Has hospitalist medicine become the minor leagues of specialty medicine? There are plenty of ways to interpret this question, but my major concern is this: What does it mean when our field is increasingly populated by doctors who are in the pre-fellowship period of their careers? More and more, I find that my best applicants are looking for one-year positions prior to jumping into other fields, which range from cardiology to rheumatology.
I can certainly understand the appeal for pre-specialty physicians of working a year as a hospitalist. When I was a resident, I thought it was premature to be applying for a fellowship early in my second year, when I–and a lot of my colleagues–hadn’t really gravitated yet to one subspecialty.
Working as a hospitalist is a good way to strengthen a curriculum vitae, particularly if you can complete research initiated while in residency. And, for cash-strapped physicians staring at $100,000 or more of debt, a year or two making “real” money goes a long way to alleviate student-loan anxiety.
But all of this begs the question: How is a program affected when its staff consists of talented but transient hospitalists? And is a one-year tour of duty a good model for hospital medicine?
I recall reading a paper a few years back that drew the following conclusion: It takes two years for a hospitalist to become fully efficient. For a rookie hospitalist, efficiency means learning how to strike that all-important balance between doing a thorough workup and knowing when it is OK, for the sake of financial viability, to triage some of the diagnostic workup to the outpatient arena.
Learning this balance is more of an art than a science, and it takes time and experience. On top of that, I’d say that it takes at least six months before a hospitalist feels comfortable in an unfamiliar environment, from creating a sense of collegiality among consultants and nurses to learning a new IT system. All of this adds up to high price that programs have to pay if they continually lose hospitalists, just as these individuals begin to master their craft.
Another concern: Transient hospitalists create an image problem for career hospitalists, non-hospitalist physicians and nurses alike. Seasoned hospitalists cannot help but wonder what it means to be a hospitalist if more and more of their colleagues are simply filling a gap between fellowships, as a way station before a “real” job.
Non-hospitalists, in the face of here-today-gone-tomorrow attendings, will surely begin to question the vitality of the specialty.

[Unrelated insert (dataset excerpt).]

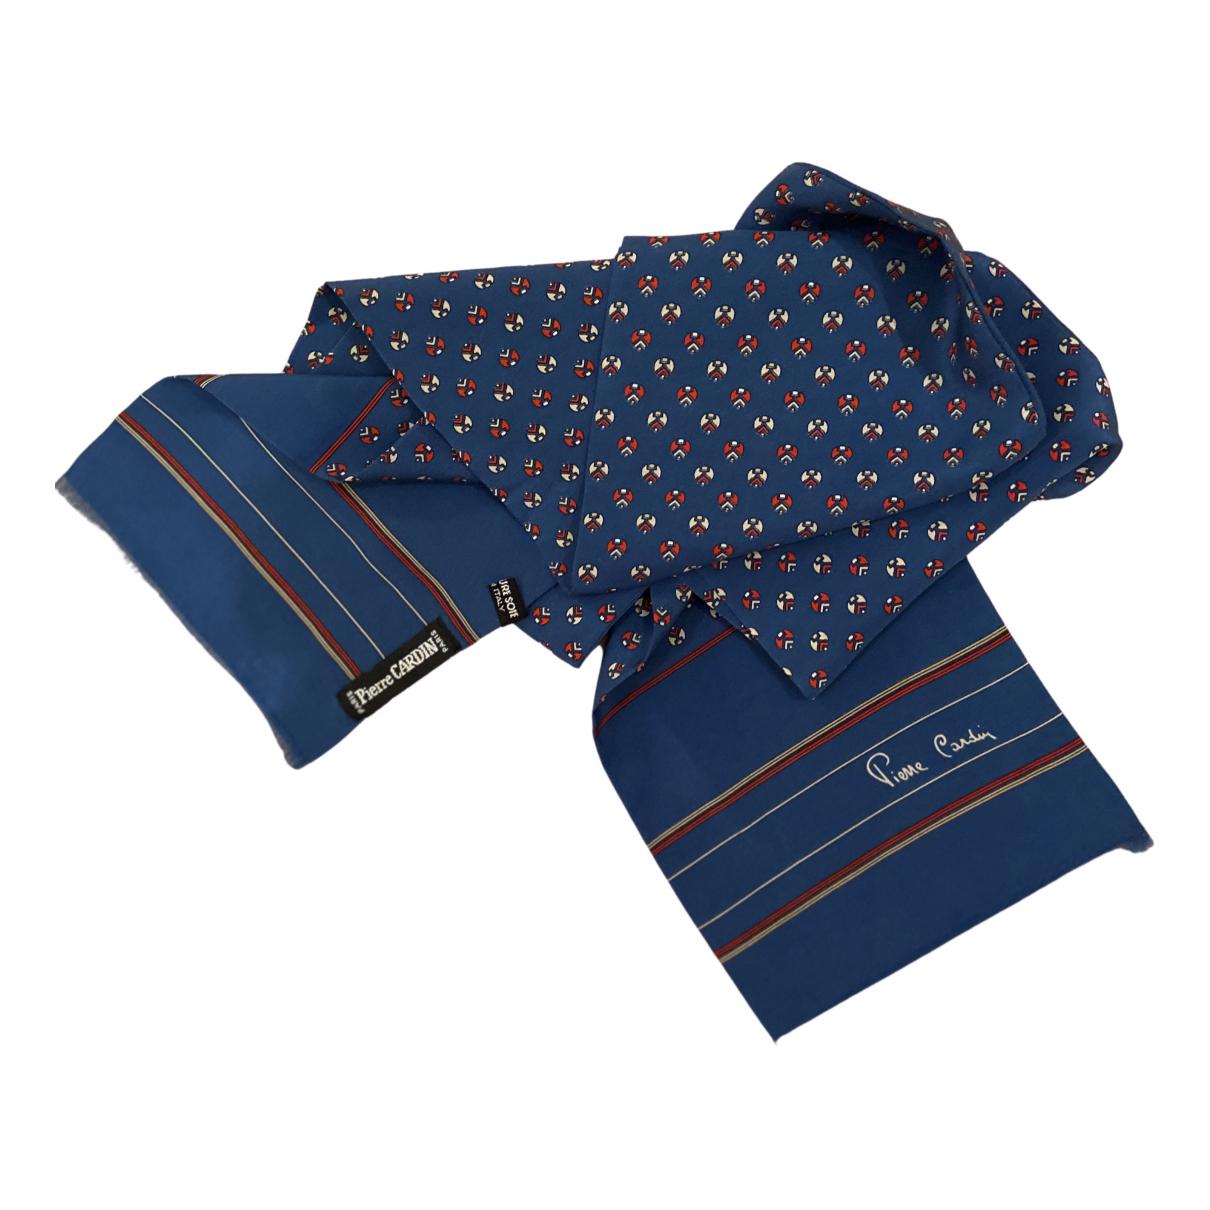 Pañuelo / bufanda de Seda Pierre Cardin

That’s particularly true when the exodus seems to indicate that top doctors choose to do specialty training, while others grow up to be hospitalists.
Here’s another concern I’ve heard: Migrant hospitalists may be more likely to accept working conditions that career hospitalists know will lead ultimately to dissatisfaction and burnout. A friend recently interviewed at a program where physicians cover Sundays as a 24-hour in-house shift. The one-year hospitalists in the group actually favored that arrangement, but most of us would find it intolerable. A final and related concern: One-year hospitalists may be “cheap” labor. Administrators whose eyes are glued to the P&L balance sheet may not be able to appreciate the many benefits that experienced–and deservedly more expensive–hospitalists offer.
Ultimately, this conversation about transient hospitalists may be academic. Because there simply are not enough hospitalists to go around, I suspect that transient hospitalists will continue to be the norm, not the exception.
And then again, you never know. Originally, I thought I would do a pulmonary fellowship after a year or two of being a hospitalist. Eight years later, I am very happy that I never did.